Thursday, August 25, 2016

A Travelling Scientist

I just returned from a week of traveling in Nevada and California. We visited with my wife's grandmother for a few days, then headed out on the road. We stopped by the Luther Burbank house and hiked through several botanical gardens. The inevitable consequence of this trip is that I took many photos (of plants, animals, and geology) that will be appearing in posts over the coming months.

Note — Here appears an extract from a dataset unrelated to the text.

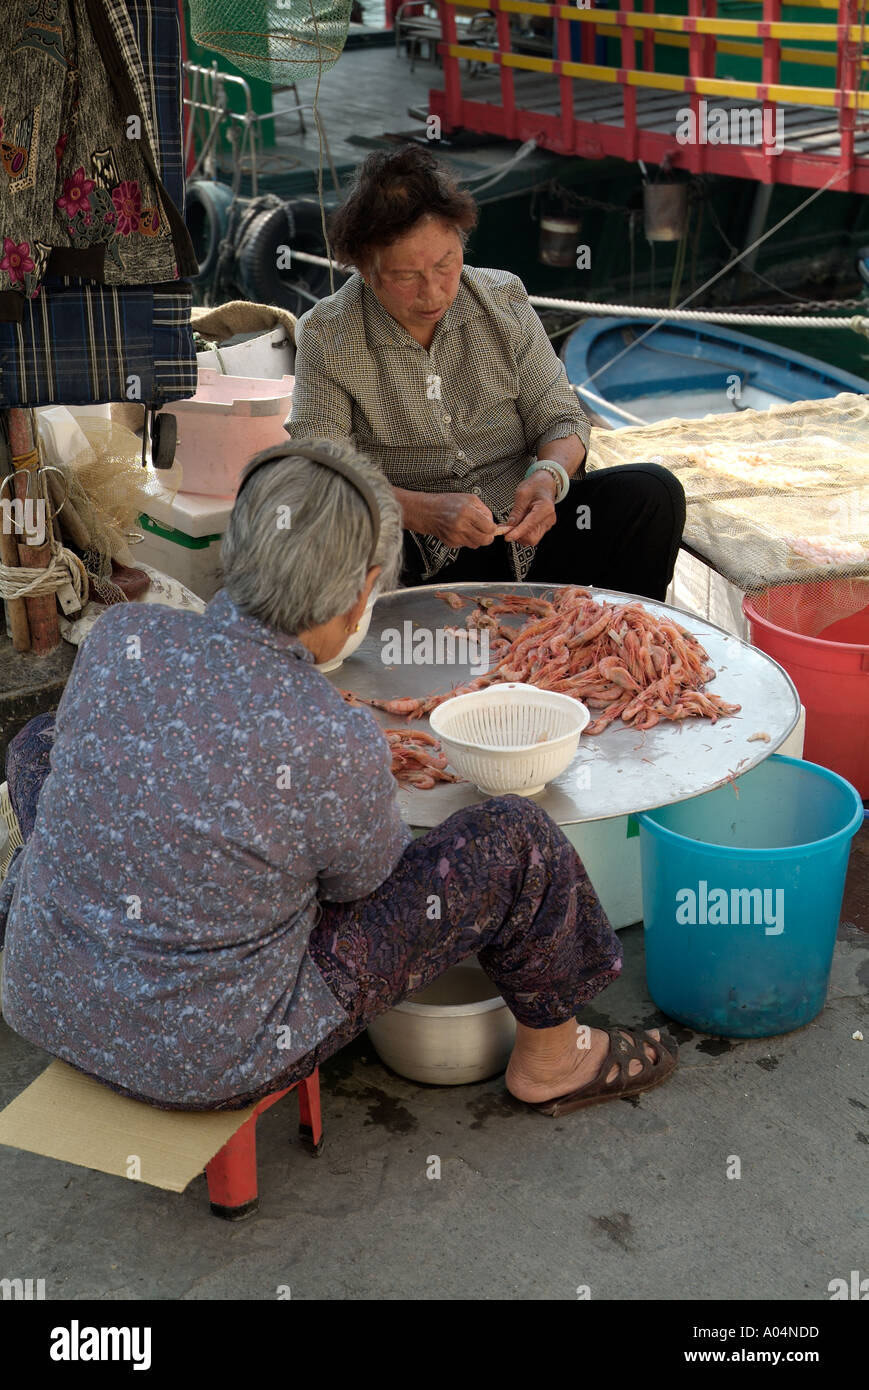 dh Chinesische Frauen Fischmarkt ABERDEEN HONGKONG Sortierung frisch Meeresfrüchte Garnelen am Kai Ältere Menschen Ältere Frau china Essen Lokale Schalentiere Stockfoto

For a first sample, the photo at left is a specimen of Oxalis gigantea in the desert house at the San Francisco Botanical Gardens. The species is interesting to me because it is another example of how readily trees can evolve from within groups of plants otherwise composed of herbaceous forms. I also like it because it is one of the many cool looking succulents around.

Next week I'll get back to my regular schedule of more lengthy postings.

Monday, August 15, 2016

Mathematical Recreations : Ramanujan's Nested Radical 3

I've previously discussed an interesting math problem posed by Srinivasa Ramanujan way back in 1911.

In this third posting on this topic, I'll present a proof that there are an infinite number of valid solutions to his puzzle.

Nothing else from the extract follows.